The new Cinemagic Grand at Clarks Pond is the latest and, so far, most amusing development in the regional theater chain’s evolution. Located where the old Hoyts was in South Portland (the plaza housing Home Depot and the curious closeout retailer Tuesday Morning), the folks at Cinemagic have continued their, uh, grand tradition of making multiplex moviegoing expensive, confusing, and totally satisfying.
The Cinemagic Grand is Maine’s first $10 theater (though it’s only $8 for matinees and standard discountees). The company has spent the extra cash on a few developments new to the multiplex realm. Before even getting to the seats (which are not stadium-seating cloth rocking chairs, but instead stadium-seating squishy-fake-leather rocking chairs), there's a “bistro” (a lot like an airport bar, and it has beer and wine) serving semi-fancy fare like a “Vermont” sandwich (with cheese and apple) and spinach-artichoke dip. Nearby is a "grand piano," which I had hoped would be manned by a local prodigy, but turns out to be automated. Even the employees are spiffed up, wearing button-down shirts, ties, and berets rather than the normal Cinemagic garb (ballcaps promoting the cinema's New Hampshire-based parent company Zyacorp, which beyond the six Cinemagics runs the South Portland Howard Johnson hotel).

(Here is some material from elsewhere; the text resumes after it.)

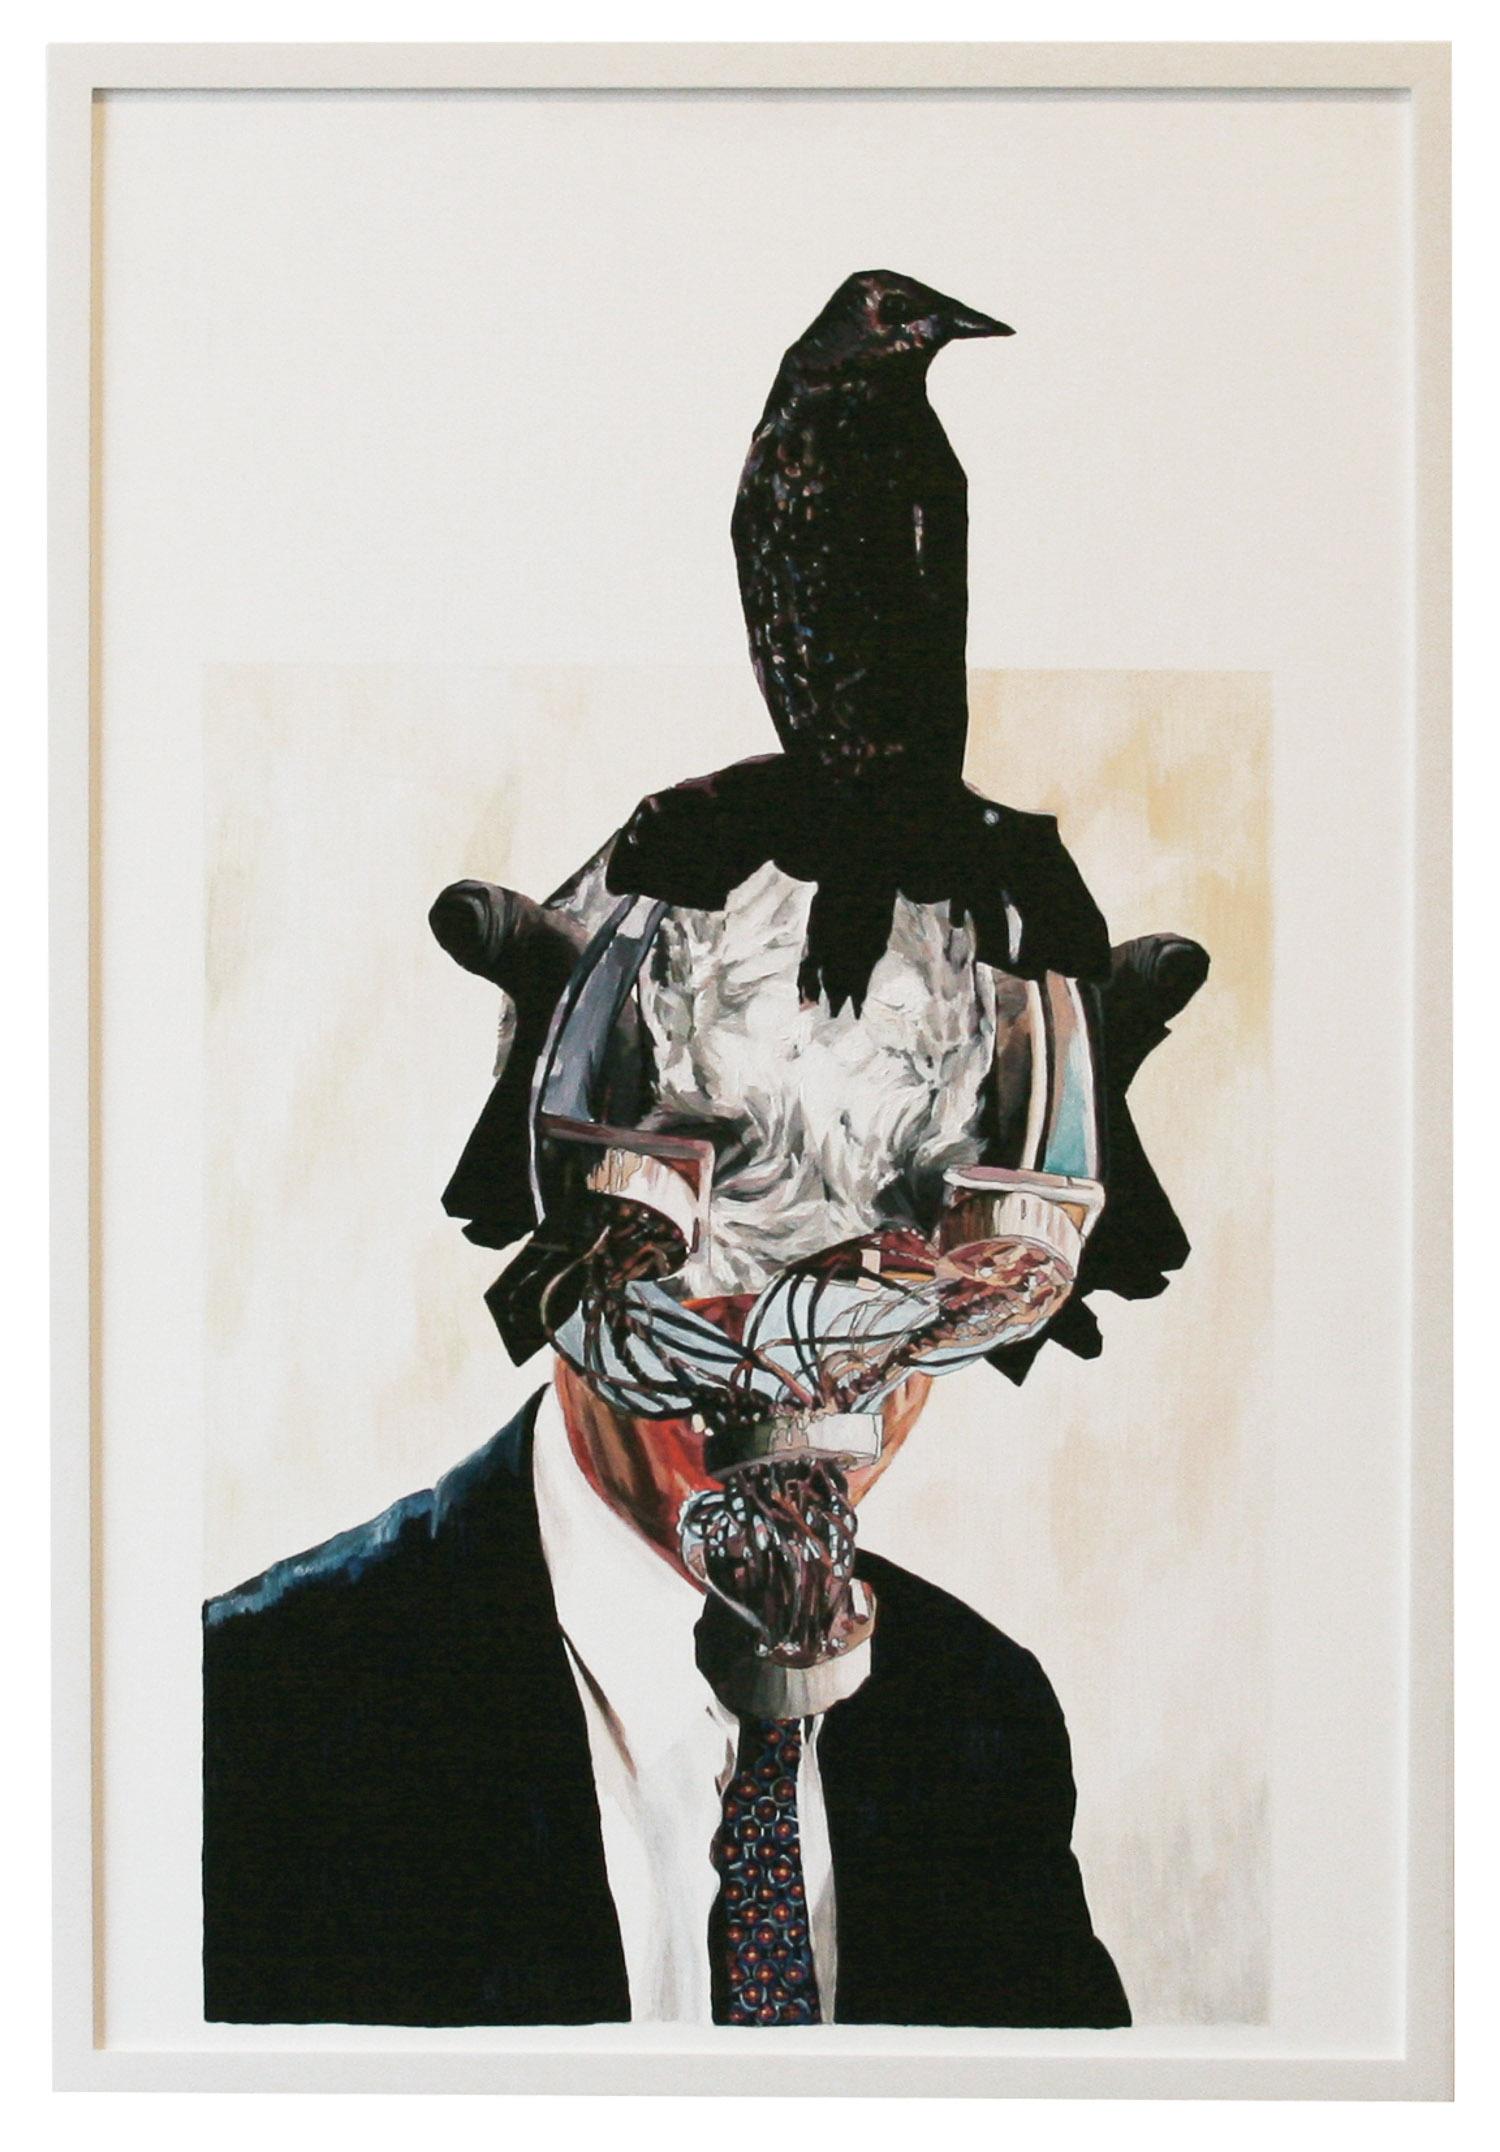 MC With Bird, 2010
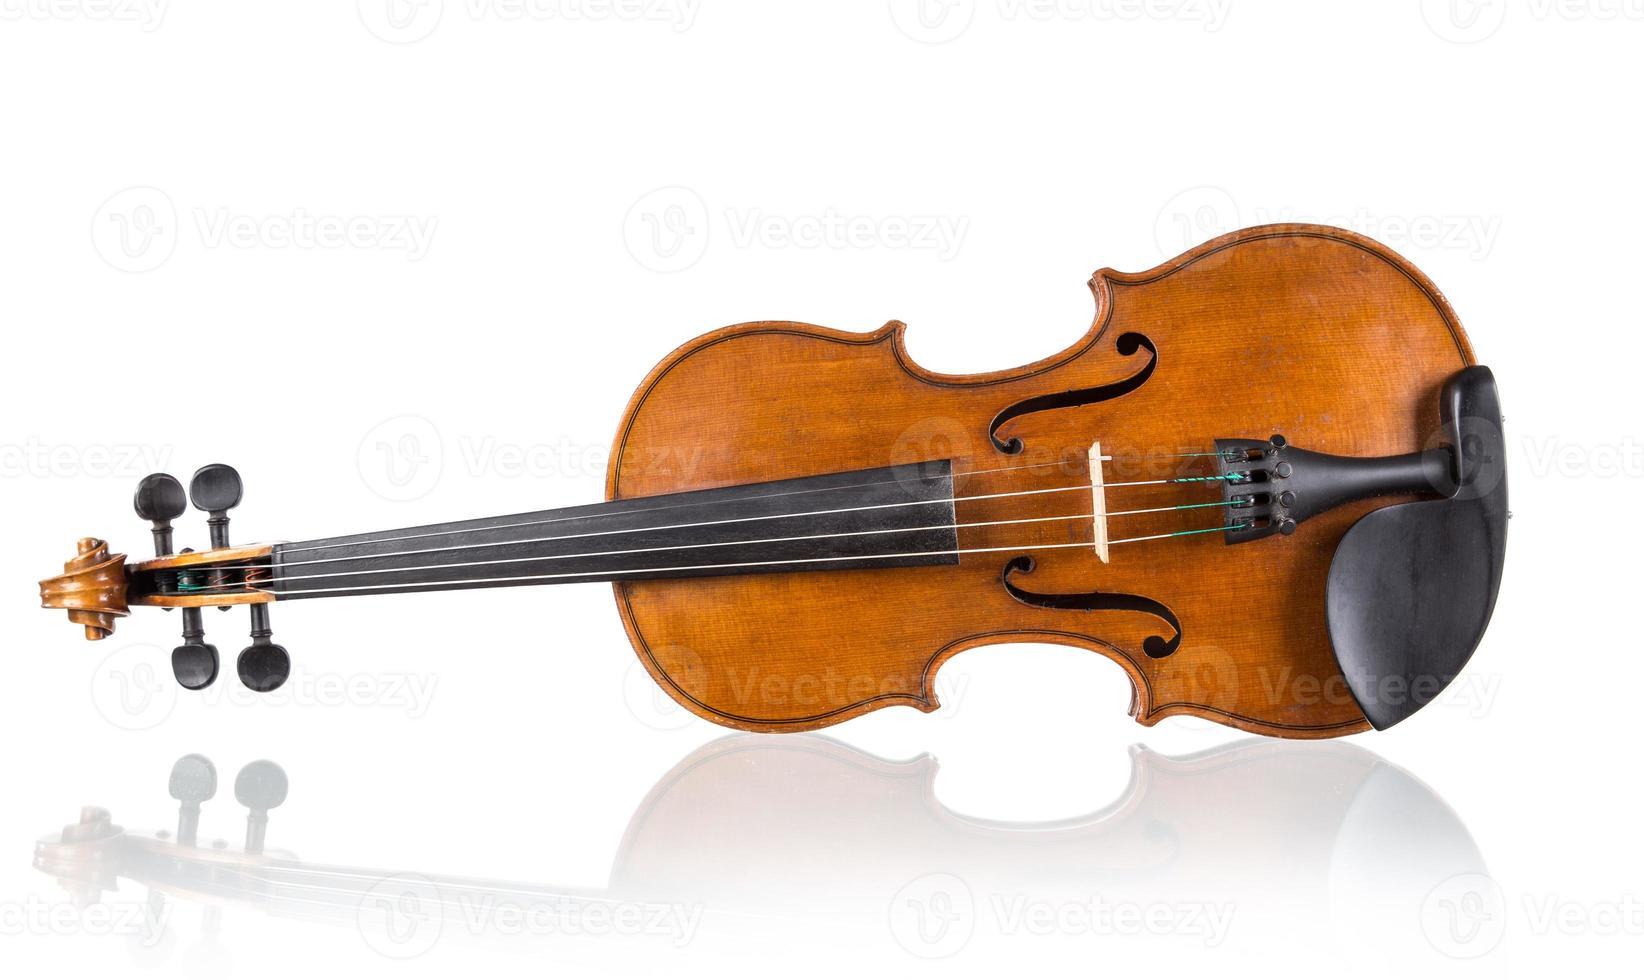 violin in vintage style photo

The Grand’s most promising development turns out to be its most frustrating: When ordering tickets (online or in the theater), you’re asked to select your own seats. For a Super Bowl Sunday matinee, my companion and I picked two seats in what looked to be the fourth row. After some trouble with the touch-screen procedure, the Disney-nice young guy at the ticket booth asked me for the seat numbers and reserved them for me. (Maybe next time they’ll teach me how to do it right.)

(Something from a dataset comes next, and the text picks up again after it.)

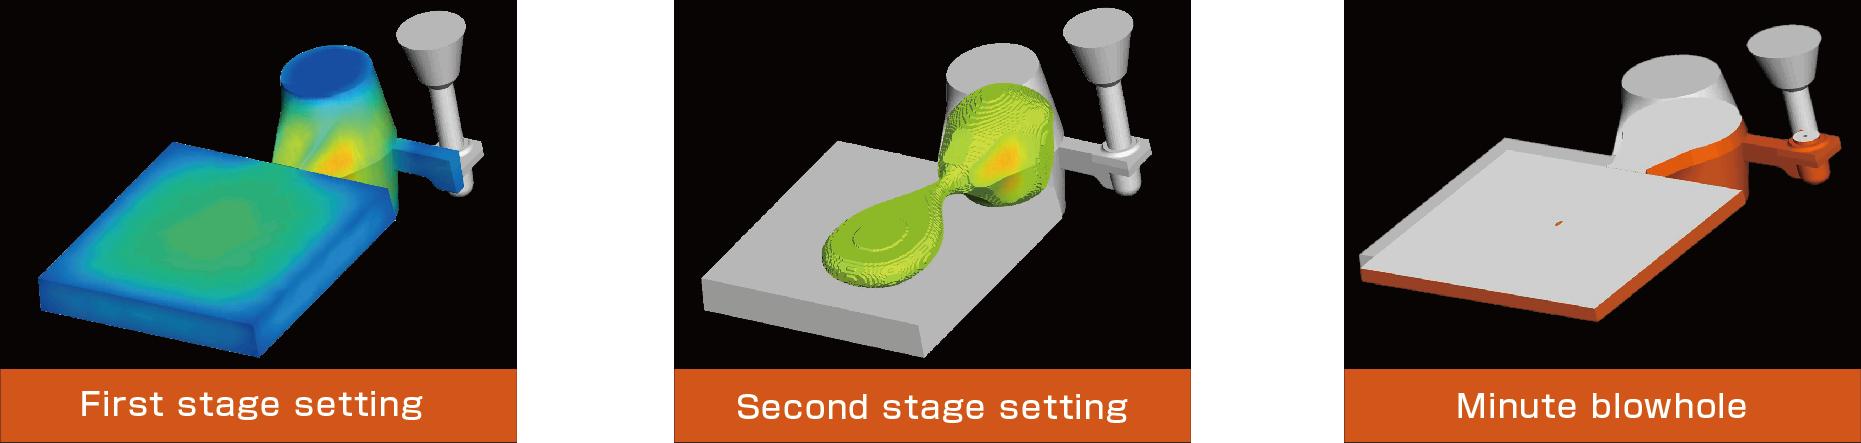 Setting simulation

To get to the theater, we walked by vending machines selling $4 Vitamin Waters and $3 Dippin’ Dots Ice Cream (which, if you’ll recall, was the “ice cream of the future” back in the ’90s), only to find that our seats were actually in the back. The tiny labels for row and seat numbers took some squinting and crouching to recognize (if you’re late, good luck); perhaps this fancy multiplex has ushers at busier times. Regardless, once everyone realized they weren’t sitting where they wanted to, they found better seats in the relatively empty cinema.
The Grand forgoes the annoying pre-show ads of its larger siblings, but still has the hilarious WGME-sponsored intro, with the station's news team starring in an advertisement hyping the chain’s digital-video projection system by showing off their egregiously pixelated sport coats. The film was pristine, with a lot of soundtrack details you wouldn’t catch at other local theaters.
Despite its overwhelming, hyper-enthusiastic efforts to promote modern conveniences — and the fact that its cinemas lack the convenience, shabby charm, or film selection of the Nickelodeon or the Movies on Exchange — I’m finding myself more and more smitten with the folks at Zyacorp, especially with the promise of an IMAX theater opening in Saco this year. They’re probably the only movie chain that’ll ever make you leave a showing of No Country for Old Men with a smile on your face.